In summary, this court concludes that Mississippi law does not allow recovery under a UM policy for contact with debris in the roadway unless there is.a “complete, proximate, direct and timely relationship” between an unidentified vehicle
and the injury to the insured.
Summary Judgment in the Present Case
At trial, plaintiff would have the burden of proving indirect contact with an uninsured or unidentified vehicle combined with a substantial temporal and consequential nexus between plaintiffs injury and the fault of the unidentified vehicle. Accordingly, because there is no evidence before the court of a substantial nexus between the “contact” of the original accident and the “contact” with plaintiffs vehicle, plaintiff has the burden of showing that there is a triable factual dispute as to this issue in order to defeat summary judgment.
See Saunders,
942 F.2d at 301; and
Little,
37 F.3d at 1075.
Plaintiff fails to address his burden under Mississippi law and merely asserts that through discovery he is likely to be able to identify an independent and disinterested witness who can show that an uninsured or unidentified vehicle caused plaintiffs accident, as required by La.R.S. § 22:1406. Plaintiff fails to assert either in his original complaint or his amended complaint, which was filed after GEICO’s motion for summary judgment, that there was a “complete, proximate, direct and timely relationship [or] an unbroken chain of events with a clearly definable beginning and ending, occurring in a continuous sequence” between the fault of an alleged unknown or unidentified vehicle and plaintiffs injuries.

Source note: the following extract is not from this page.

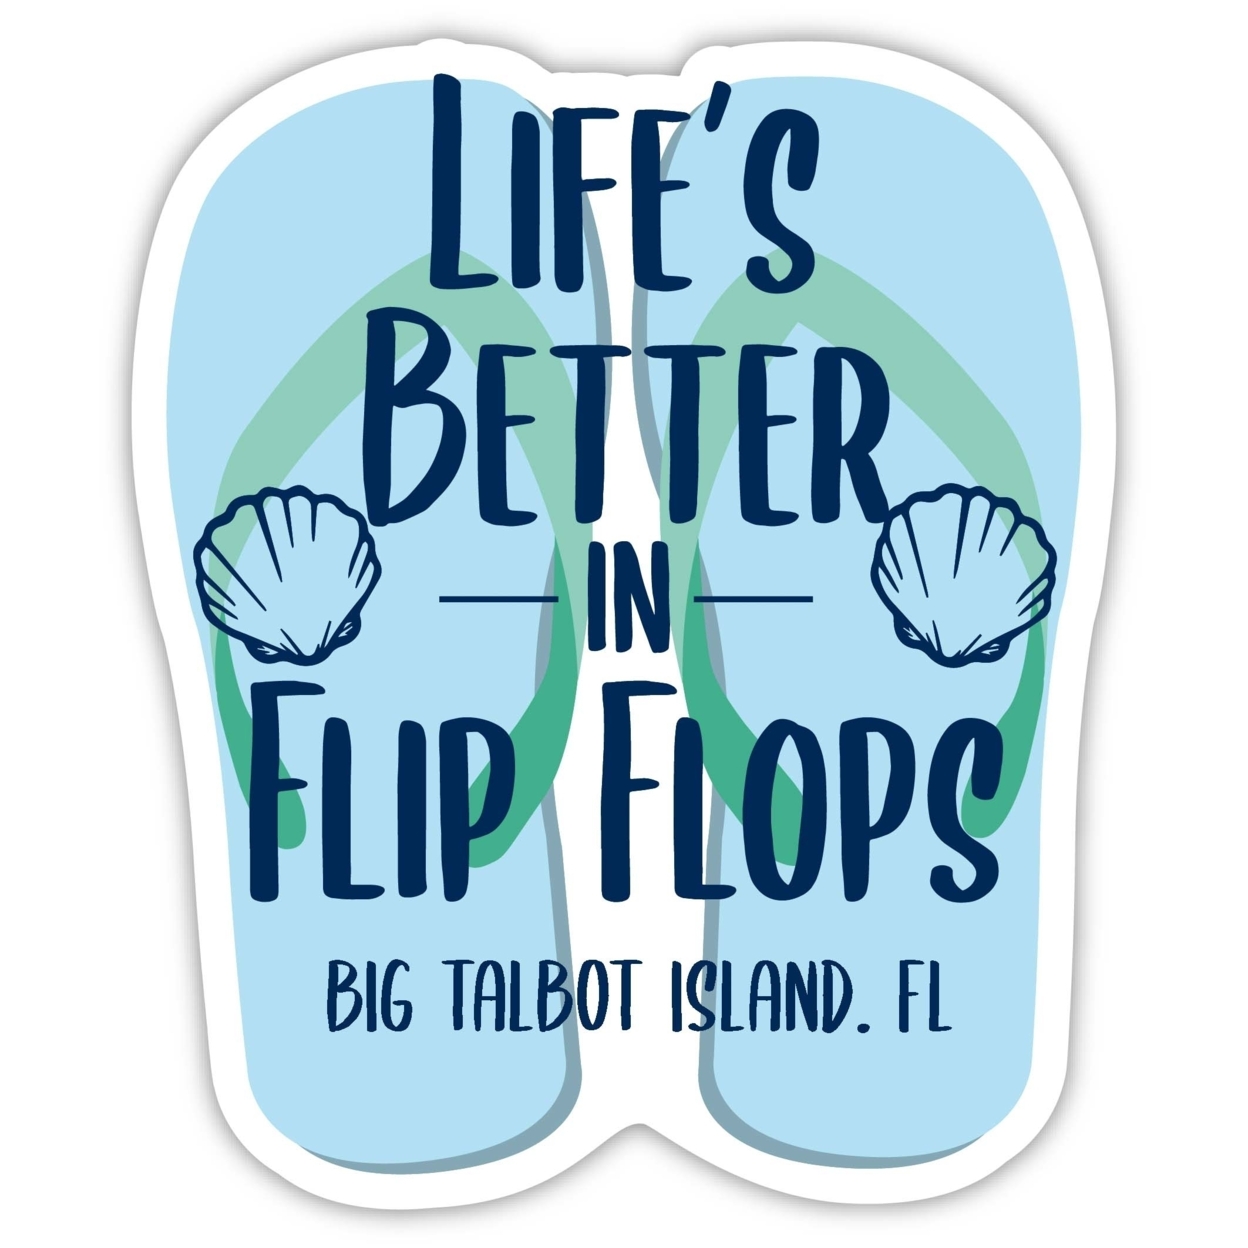 Big Talbot Island Florida Souvenir 4 Inch Vinyl Decal Sticker Flip Flop Design

A
fortiori,
plaintiff fails to submit the evidence required by Rule 56(e) sufficient to defeat summary judgment.
Conclusion
The court concludes that GEICO has sufficiently shown that evidence is lacking of a substantial nexus of causation between the actions of an unknown or unidentified vehicle and plaintiffs injury, and plaintiff has failed to show the existence of any genuinely contested issues of fact that would be material to recovery under his UM policy under Mississippi law. Accordingly, defendant GEICO’s Motion for Summary Judgment is GRANTED.